Negative Prompt Driven Complementary Parallel Representation for Open-World 3D Object Retrieval

Negative Prompt Driven Complementary Parallel Representation for Open-World 3D Object Retrieval

Yang Xu, Yifan Feng, Yue Gao

Proceedings of the Thirty-Third International Joint Conference on Artificial Intelligence
Main Track. Pages 1498-1506. https://doi.org/10.24963/ijcai.2024/166

The limited availability of supervised labels (positive information) poses a notable challenge for open-world retrieval. However, negative information is more easily obtained but remains underexploited in current methods. In this paper, we introduce the Negative Prompt Driven Complementary Parallel Representation (NPCP) framework, which navigates the complexities of open-world retrieval through the lens of Negative Prompts. Specifically, we employ the Parallel Exclusive Embedding (PEE) to effectively utilize the prompt information, bilaterally capturing both explicit negative and implicit positive signals.
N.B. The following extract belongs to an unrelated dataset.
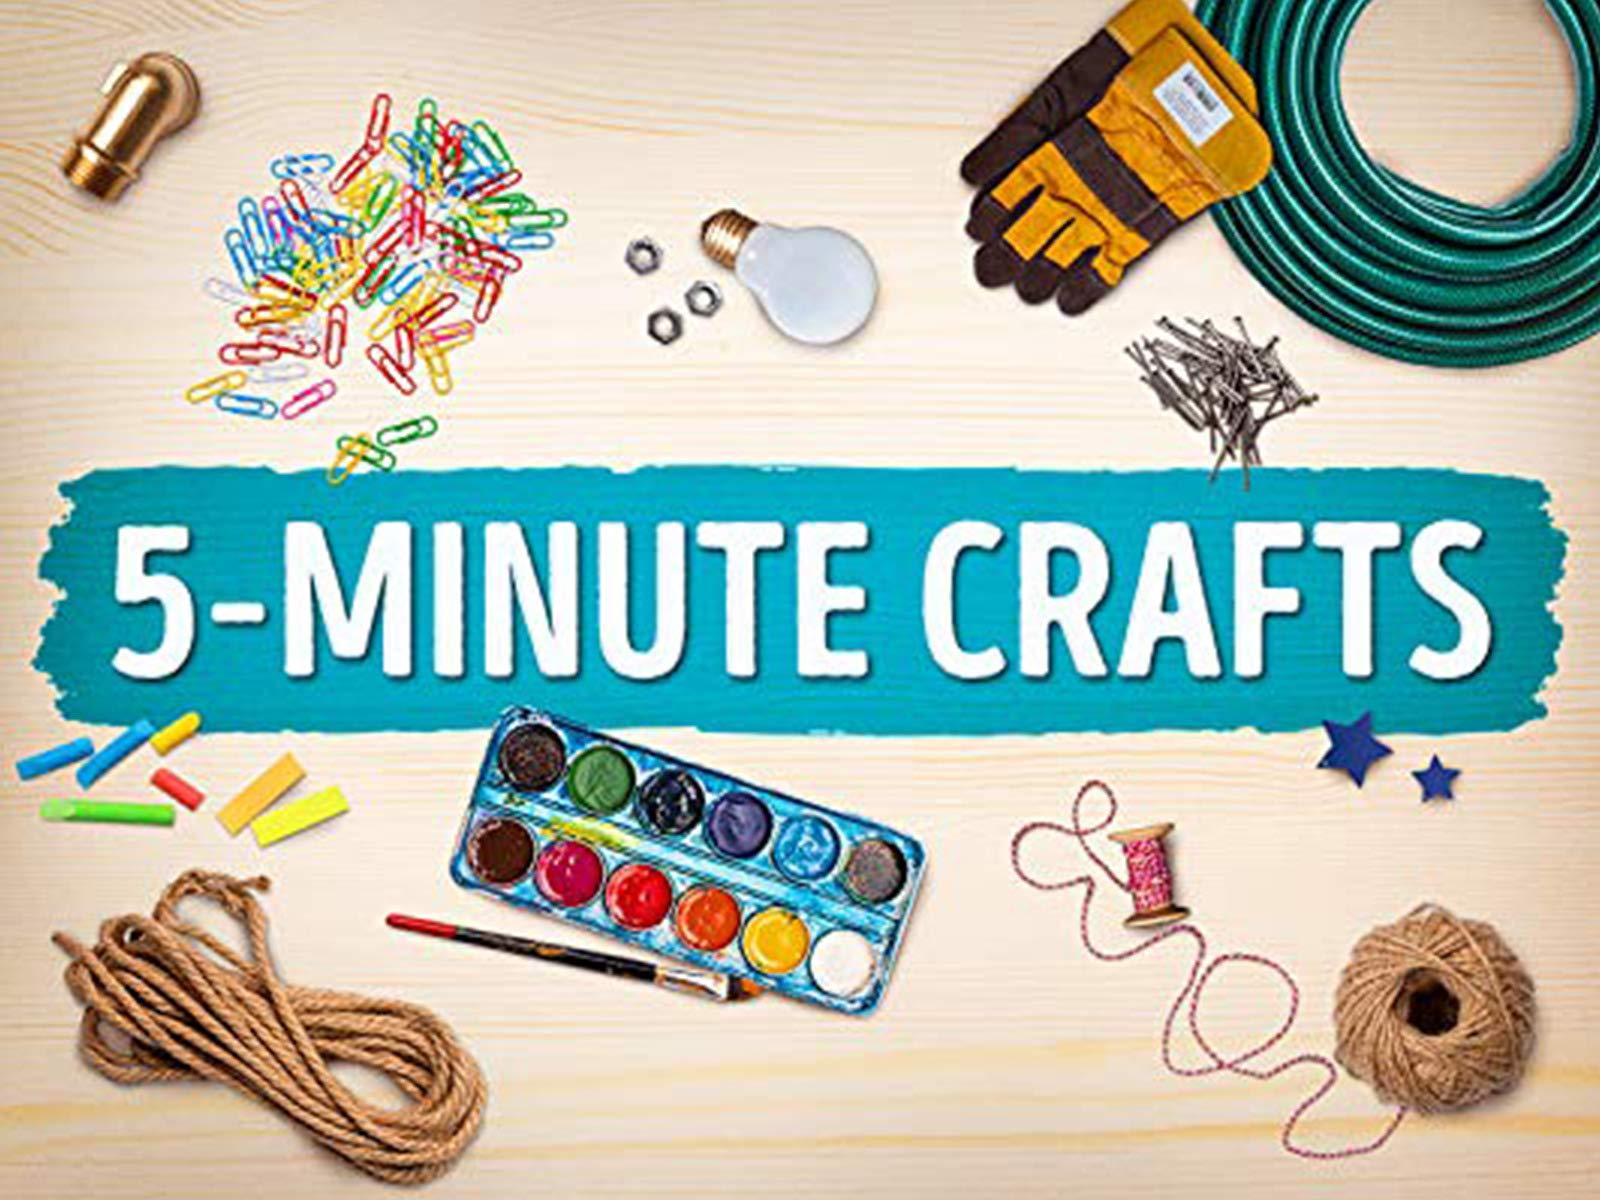 Watch 5 Minute Crafts Prime Video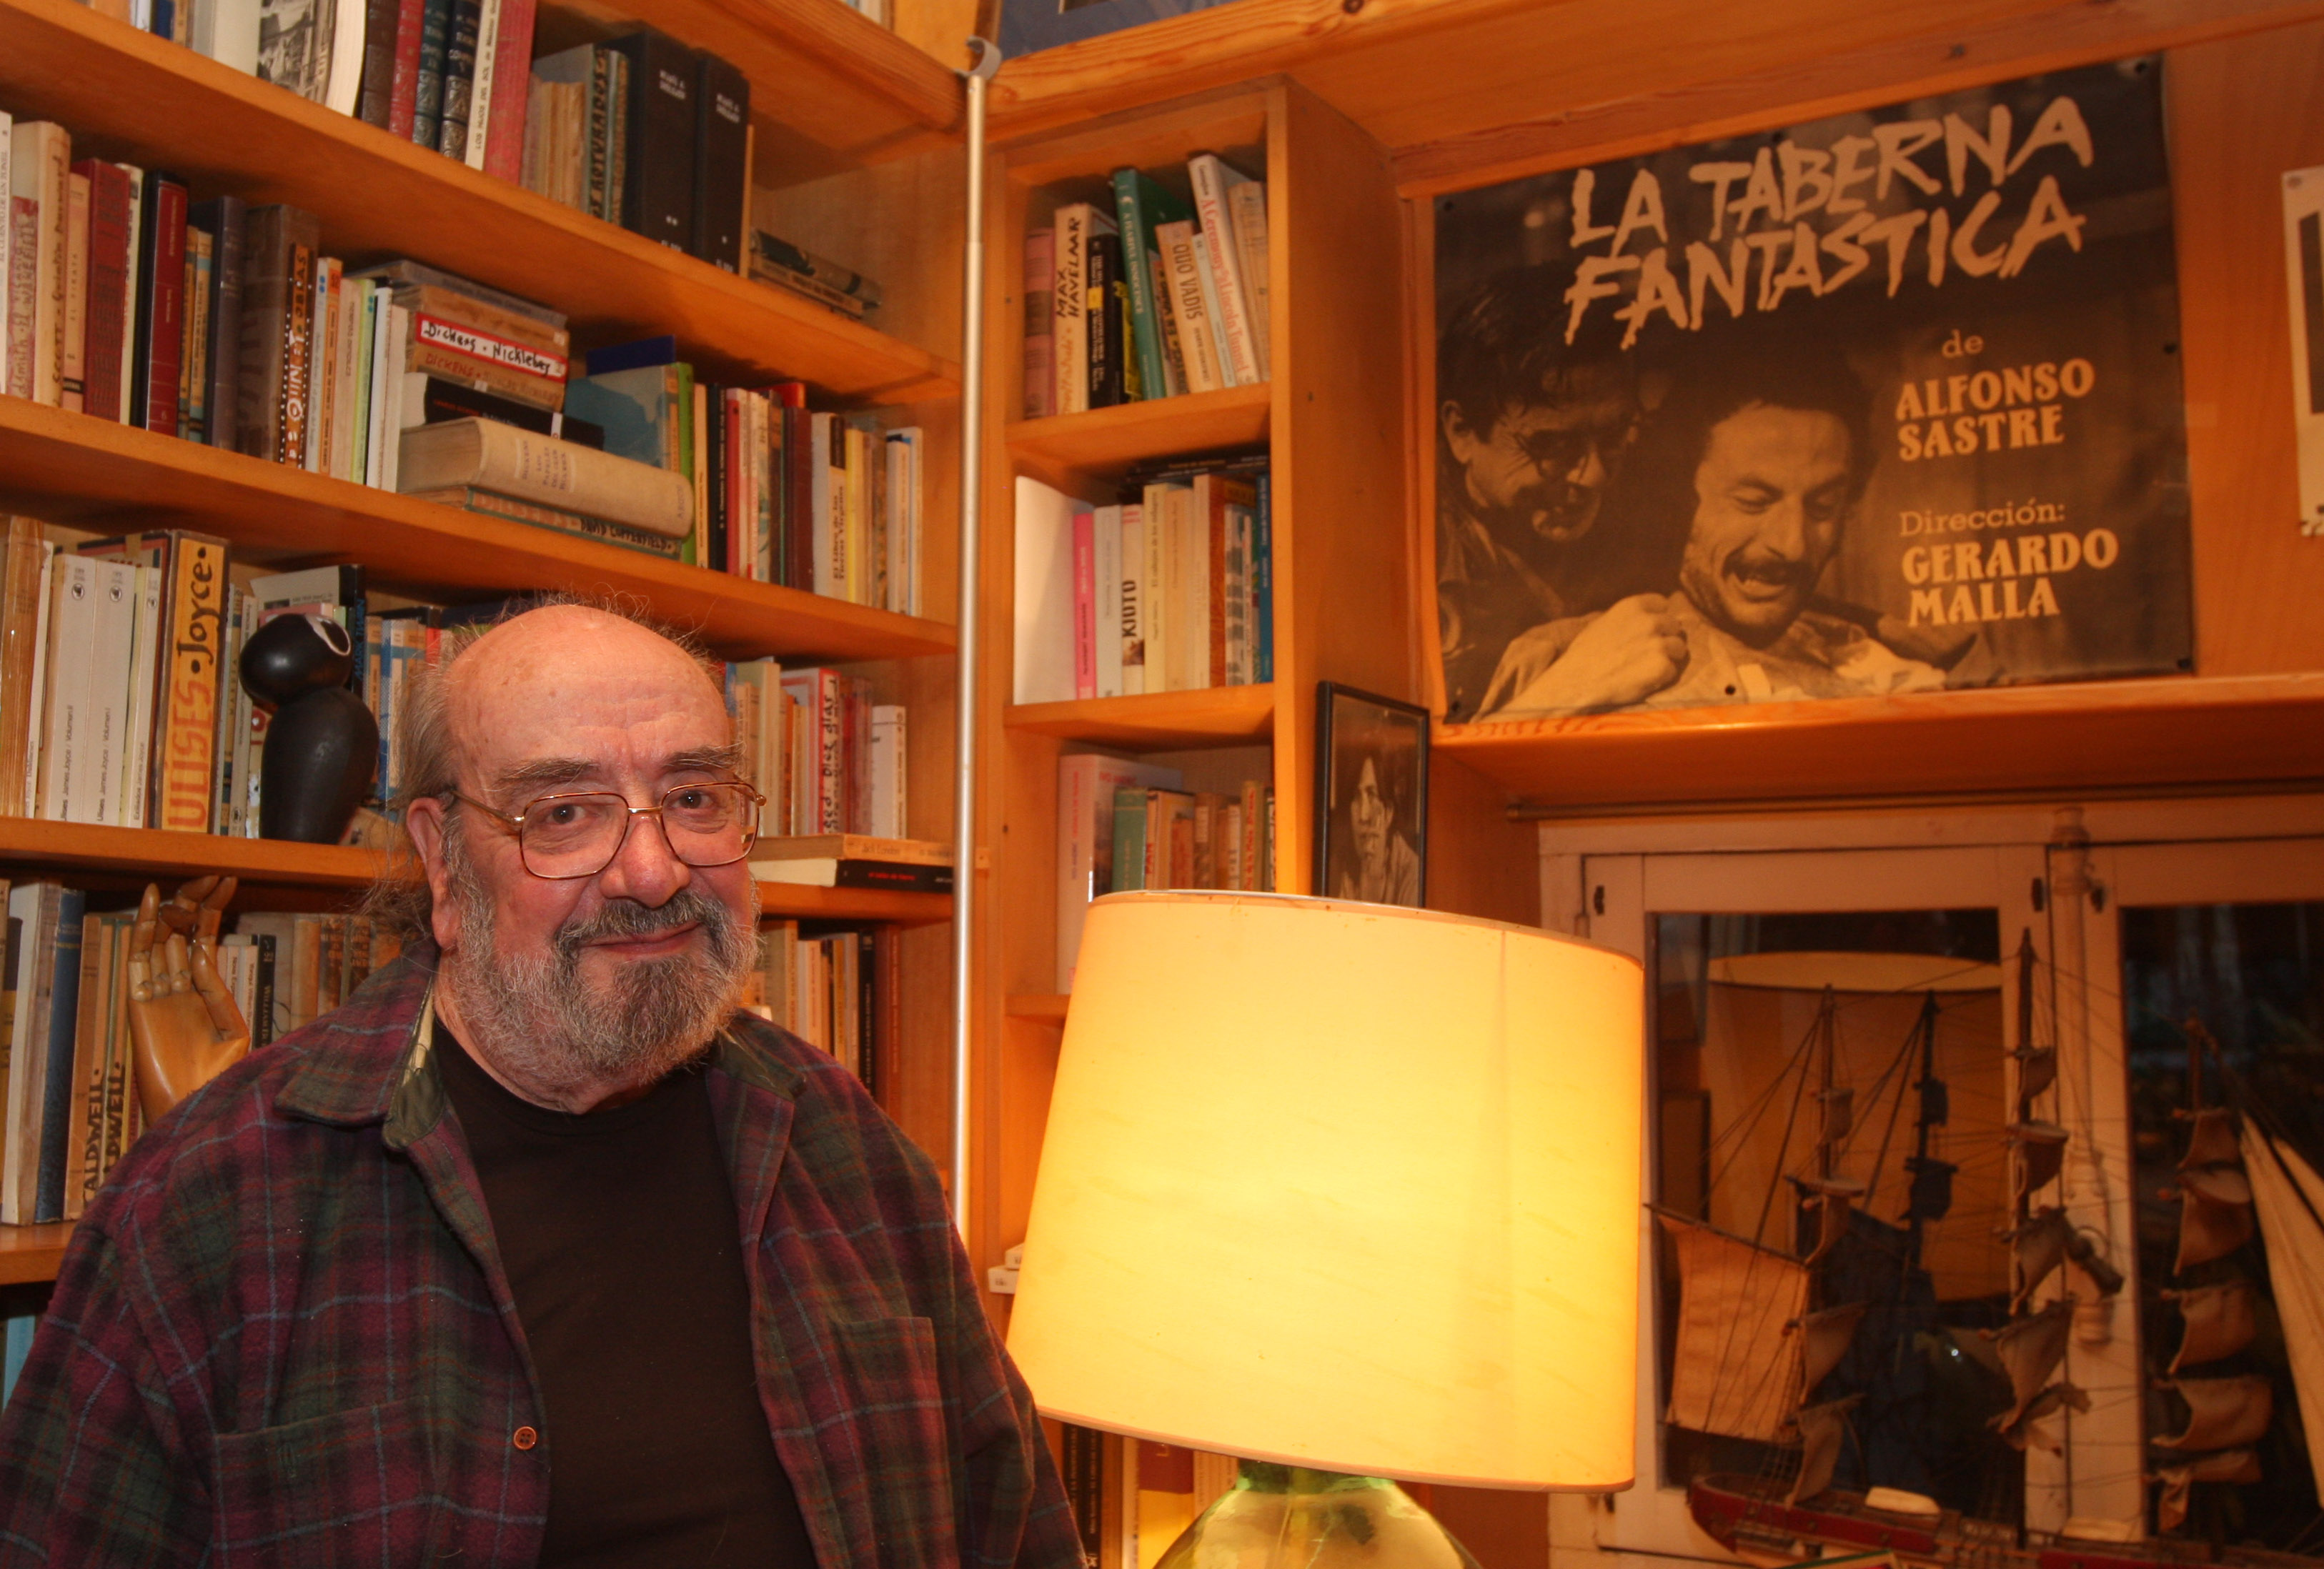 Muere el dramaturgo Alfonso Sastre, autor de radical compromiso político

To address the challenges of embedding unification and generalization, our method leverages high-order correlations among objects through the Complementary Structure Tuning (CST), by constructing a complementary hypergraph based on bi-directional and cross-category correlations. We have developed four multimodal datasets for open-world 3D object retrieval with negative prompts: NPMN, NPAB, NPNT, and NPES. Extensive experiments and ablation studies on these four benchmarks demonstrate the superiority of our method over current state-of-the-art approaches.
Keywords:
Computer Vision: CV: 3D computer vision
Computer Vision: CV: Image and video retrieval 
Computer Vision: CV: Representation learning